Member of the Legislative Assembly of Alberta
- In office June 19, 1930 – August 22, 1935
- Preceded by: George Mihalcheon
- Succeeded by: William Tomyn
- Constituency: Whitford

Personal details
- Born: Izydor Goretskyi November 11, 1902 Barbivtsi, Duchy of Bukovina, Austria-Hungary (now Brusnytsia, Ukraine)
- Died: February 22, 1999 (aged 96) Surrey, British Columbia, Canada
- Party: United Farmers
- Occupation: Farm labourer, teacher and politician

Military service
- Allegiance: Canada
- Branch/service: Royal Canadian Air Force
- Years of service: 1942-1945
- Battles/wars: World War II

= Isidore Goresky =

Canadian politician

Isidore Goresky (Ізидор Ґорецький; November 11, 1902 – February 22, 1999) was a Canadian farm labourer, teacher and provincial politician active in the province of Alberta. He served as a member of the Legislative Assembly of Alberta from 1930 to 1935 sitting with the United Farmers caucus in government.

==Early life==
Isidore Goresky was born on November 25, 1902, in Barbivtsi, in the Austrian Duchy of Bukovina (now known as Brusnytsia and part of Ukraine). His family moved to Canada in 1905 after being unable to improve their living conditions. The family settled in Stony Mountain, Manitoba. He lived in the town until 1918 when his father Basil purchased a farm six miles to the north-west of the community.

Goresky began his working life as a farm hand and went to school in various locals around Manitoba. He tried to join the Army in 1917 but was unsuccessful. He began teaching in the fall of 1918 and worked his first stint for four months. He later went to the University of Manitoba in 1920 and then attended normal school in Brandon, Manitoba, graduating in 1922.

Goresky continued to work various teaching jobs until he moved to Alberta in 1926 to accept a job as a principal in Smoky Lake. He tried to re-enroll with the University of Manitoba to complete his master's degree but was unable to so he went to the University of Alberta instead. He obtained his master's degree in 1929. He ran for political office in 1930.

==Political career==
Goresky ran for a seat to the Alberta Legislature in the 1930 Alberta general election as a United Farmers candidate in the Whitford electoral district. He defeated two other candidates by taking 70 percent of the district vote, a landslide margin of victory to hold the seat for his party. He was one of the first Ukrainians to serve in thee Alberta Legislature.

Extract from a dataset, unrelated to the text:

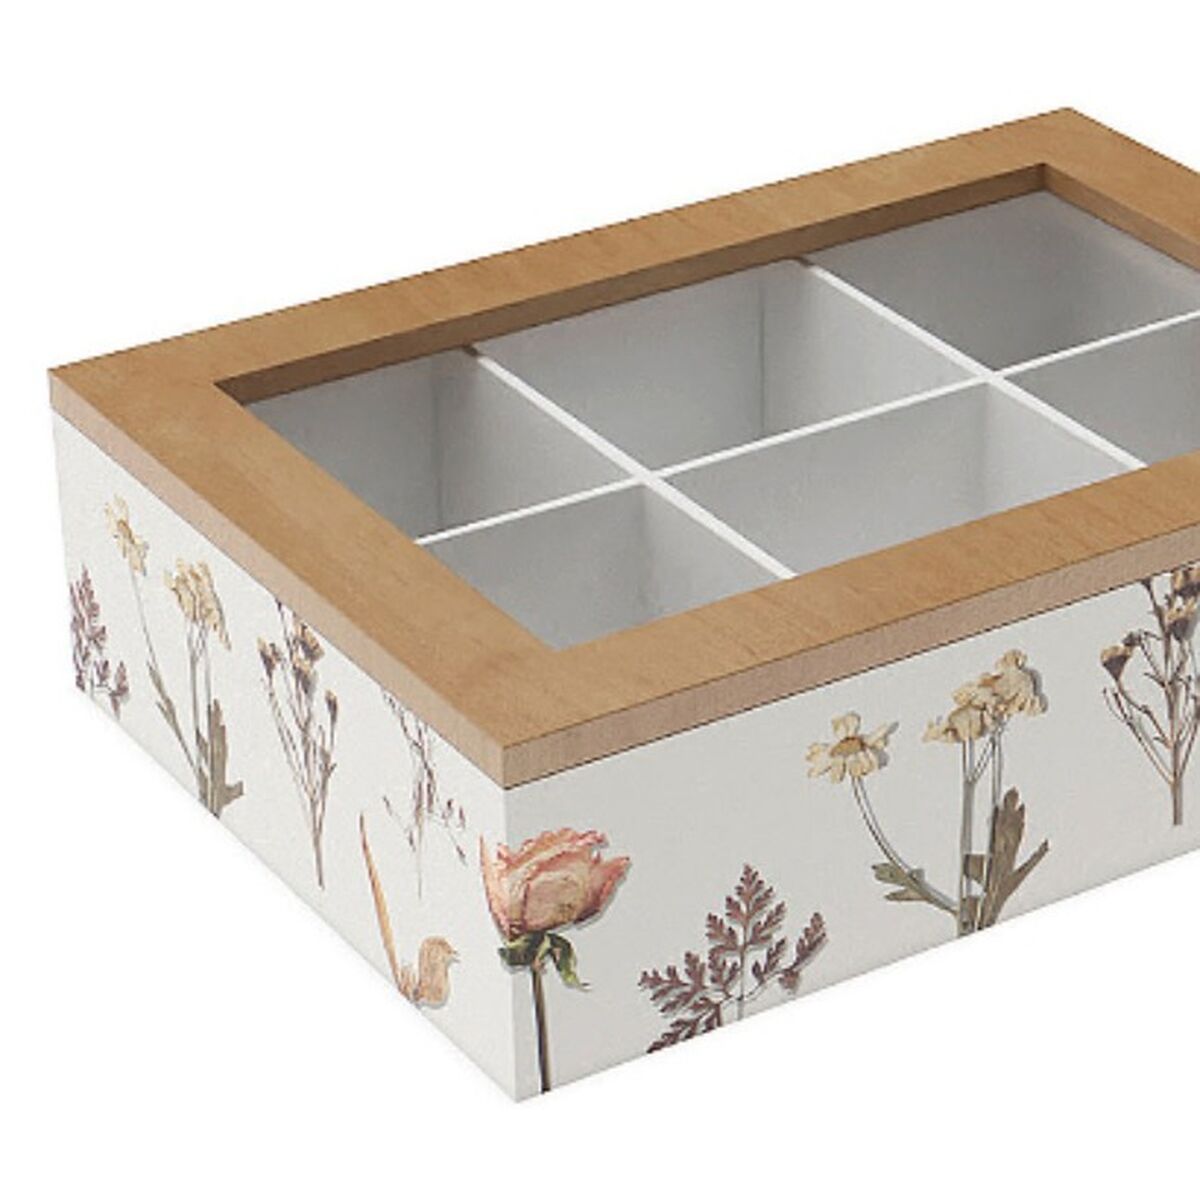 Box for Infusions Versa Wood 17 x 7 x 24 cm

Goresky ran for a second term in the 1935 Alberta general election. He was defeated by Social Credit candidate William Tomyn finishing a distant third out of fourth place ahead of former MLA Andrew Shandro.

==Late life==
After his defeat from office Goresky moved to Edmonton. He worked as a rector for the Ukrainian M. Hrushewsky Institute for a year and then got hired on as a teacher for the Edmonton Public Board of Education, after that he worked as a school superintendent in the town of Consort, Alberta. He began working on his Master's of Education in 1936 completing it in 1938. Goresky joined the Royal Canadian Air Force in 1942. He was discharged from the service after World War II in 1945. After the war he continued to work various education posts until 1966.

Goresky spent the late 1960s and 1970s researching early Ukrainian immigration to Canada, translating and publishing various records. He also translated and published two books History of Ukrainian Settlement in Canada and Ukrainian Pioneers of Alberta.

Goresky moved to White Rock, British Columbia, in 1986. He died on February 22, 1999, in Surrey, British Columbia. He was the last living member of the United Farmers government. His funeral service was held on March 1, 1999, at the Ukrainian Orthodox Church of St. Mary's in Surrey, British Columbia.